11. Extension: Multi-Dimensional Skills#

Driving is not a single skill: a driving policy that is excellent at lane-keeping may still crash at every intersection, and a unidimensional ability cannot represent that. This section points to several ways to model multi-dimensional skills and to construct a leaderboard out of vector-valued abilities.

11.1. Overview#

Every model up to this point compresses driving policy ability into a single scalar \(\theta_s \in \mathbb{R}\). Driving is multi-skill in the obvious way: lane-keeping, intersection negotiation, cut-in handling, low-speed maneuvering, and lane-changing live on largely independent axes, and a driving policy can be strong on one and weak on another. The Bench2Drive closed-loop benchmark already runs on this premise, scoring driving policies separately across 44 interactive scenario categories and compressing the numbers into 5 different driving skills [2], though the categorization requires manual annotation.

Multidimensional IRT (MIRT) [3] addresses this by lifting the latents from scalars to vectors. Two questions follow: how to model \(D > 1\) skills, and, given vector abilities, how to produce a leaderboard at all. There is no canonical total order on \(\mathbb{R}^D\), so the second question is not just a presentation choice.

11.2. Compensatory MIRT#

The smallest change is to let \(\theta_s\) become \(\vec\theta_s \in \mathbb{R}^D\), the per-item discrimination \(\alpha_n\) become a non-negative vector \(\vec\alpha_n \in \mathbb{R}^D_+\), and the per-item difficulty \(\beta_n\) become a vector \(\vec\beta_n \in \mathbb{R}^D\). The 2PL link generalises to

\[P(X_{s,n} = 1 \mid \vec\theta_s, \vec\beta_n, \vec\alpha_n) = \sigma\!\bigl(\vec\alpha_n^\top (\vec\theta_s - \vec\beta_n)\bigr).\]

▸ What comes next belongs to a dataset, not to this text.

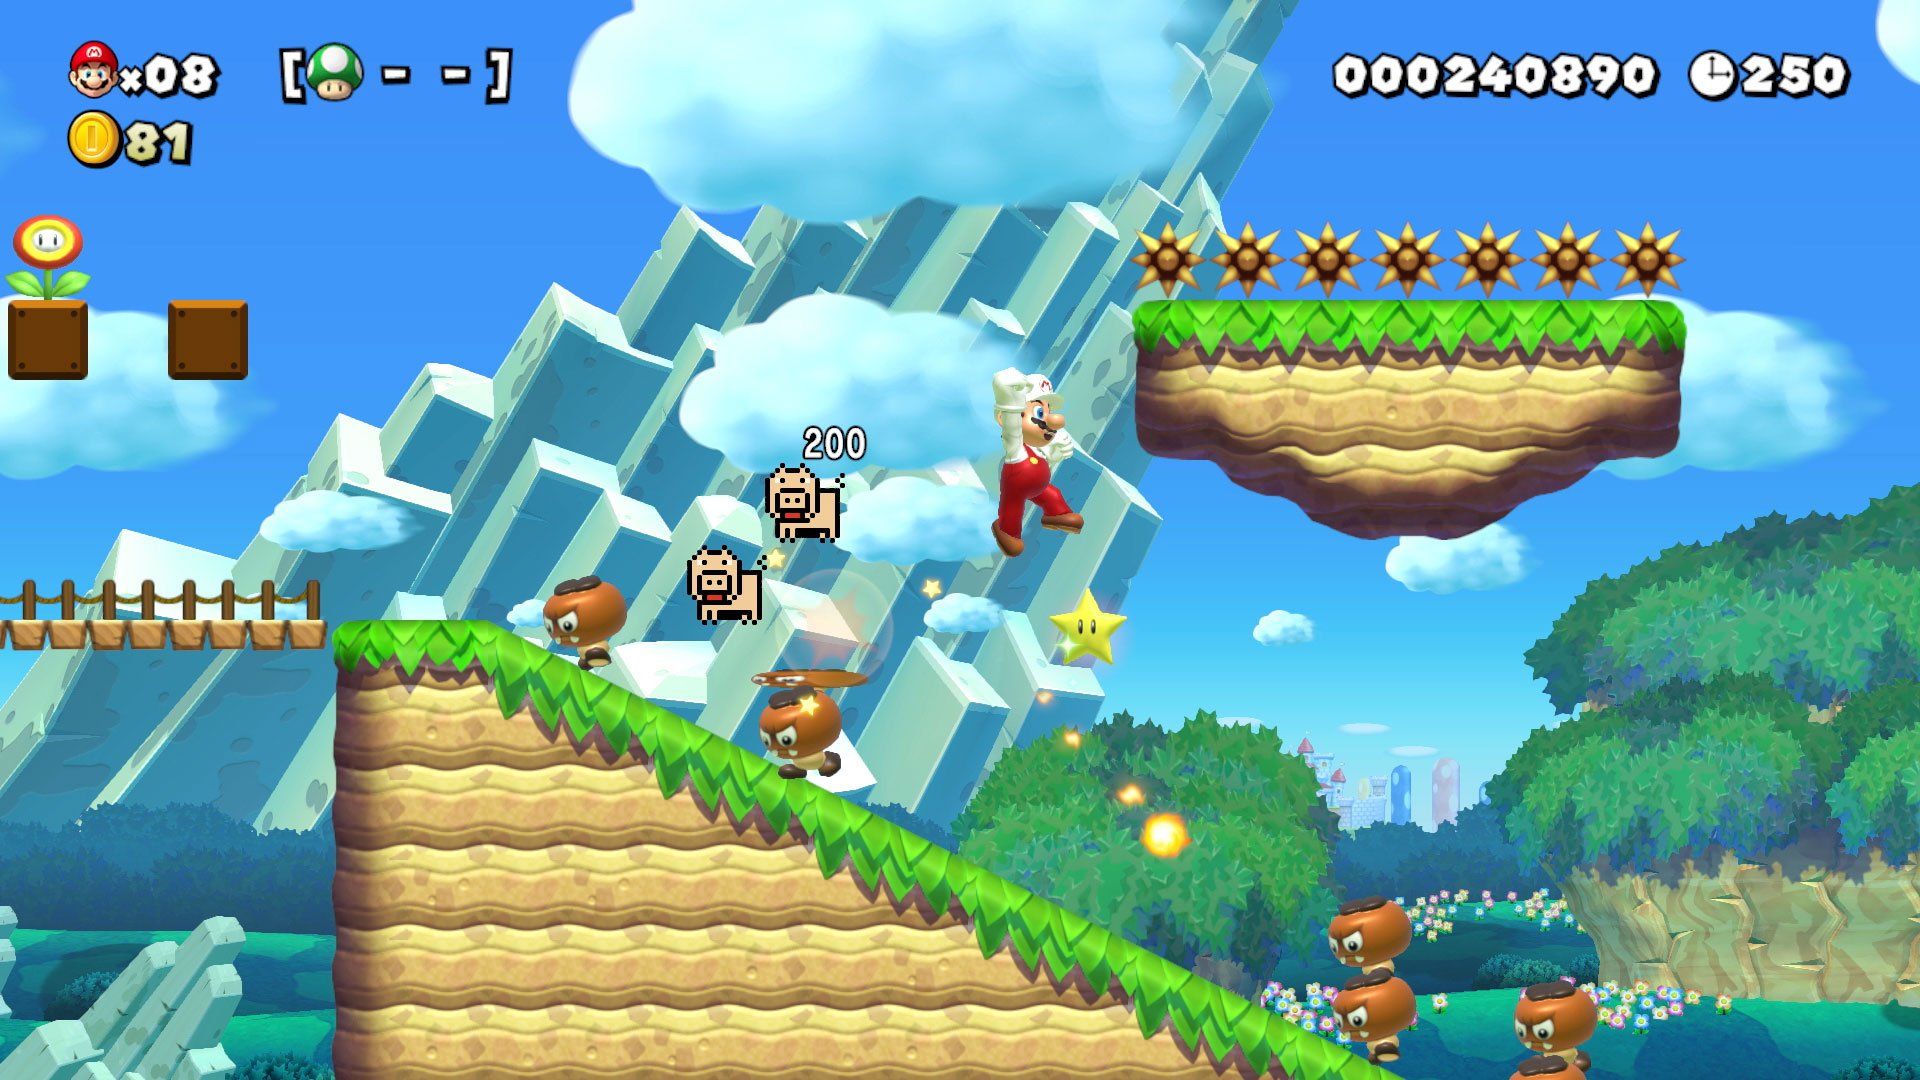 Super Mario Maker 2 Inspires Creativity With New Clear Conditions

Strength on one skill compensates for weakness on another. A driving policy with high lane-keeping ability and low intersection ability still gets credit on an intersection route through whatever lane-keeping component the route exercises. The Beta-IRT generalisation follows the same pattern.

11.3. Non-Compensatory MIRT#

Compensatory MIRT lets a high score on one axis make up for a low score on another. For safety-critical driving, that does not match reality: a driving policy that is perfect at lane-keeping but cannot navigate intersections will still crash at every intersection, no matter how good the lane-keeping is. The relevant logical operation between skills is closer to AND than to a weighted sum.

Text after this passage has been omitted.